When You Love A Bad Boy

Ingrid Richter
Ingrid Richter

It’s the same situation you find yourself in every six to seven months. You wake up in an apartment that is surrounded by empties, more comically called “Fallen Soldiers”, wearing some t-shirt that smells suspiciously like another girl mixed with whispers and cigarettes.

You ignore that pounding headache that’s all too familiar on either side of your temples while you try to justify why you’re waking up alone in a room that isn’t yours that you’ve been passing out inside of more nights than not.

You’re with a bad boy, and it isn’t as glamorous as the movies made it out to be.

At one point his very “DGAF” attitude was imposing, attractive, and exactly what you needed to get you from point “better judgment” to point “taking all my clothes off on a balcony just because he suggested it”. His magnetism was so irresistible and like a moth to a flame you find yourself against him. Like you two are the physical manifestations of the polar opposites you played with and tried to best at the children’s museum, but now you’ve given in and flipped.

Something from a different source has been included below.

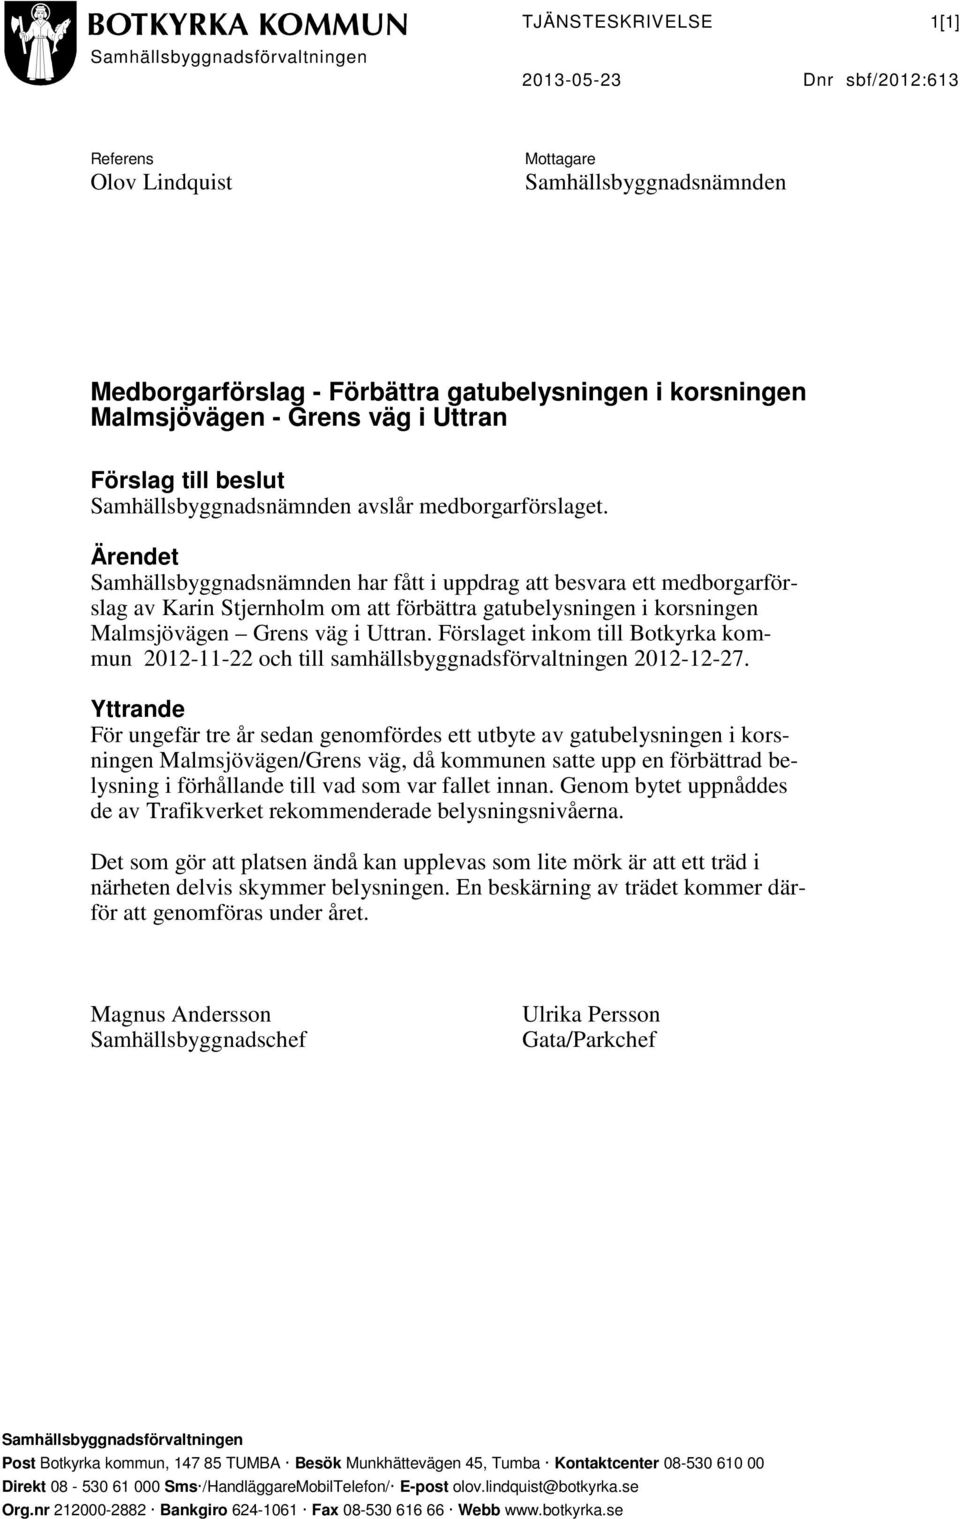 Ärendet Samhällsbyggnadsnämnden har fått i uppdrag att besvara ett medborgarförslag av Karin Stjernholm om att förbättra gatubelysningen i korsningen Malmsjövägen Grens väg i Uttran.

You tell yourself that he’s special, that he’s the only one you’d compromise for.

But really, even when you try to deny it, you know the truth.

You know that if the right set of hazel eyes and arrogance showed you even a sliver of attention across whiskey fueled evenings you’d probably still go weak in the knees. Call it your soft spot for the Stanleys and the Daryls of the world, but if there’s a trace of rough around the edges in there; you’re going for it.

You know that if you throw in a Tim Riggins mug against your once Sandra Dee features you get magic. The ultimate blow up, drama, explosion is inevitable and a part of you can’t wait for the demise. You know it’s a stereotype, know it’s a cliché, know that it is a recipe for total disaster. But you can’t stop. You find yourself breaking nails to peel away layers you think no one else has had access to, ripping vocal chords to yell about revelations you think you’re the first to discover.

And then you realize that you aren’t. You simply are not the first girl to say, “I can get him to be real with me!” And you won’t be the last. He is him and you are you and fight as you might to break him down it just is not going to happen. The layers of indifference and ambiguity that initially made him so enticing now make you so frustrated and feel so inadequate. You start to realize how generic this is for him, how repetitive.

You’re with a bad boy, and you know that no matter how you try to spin it, you’re just another notch for him.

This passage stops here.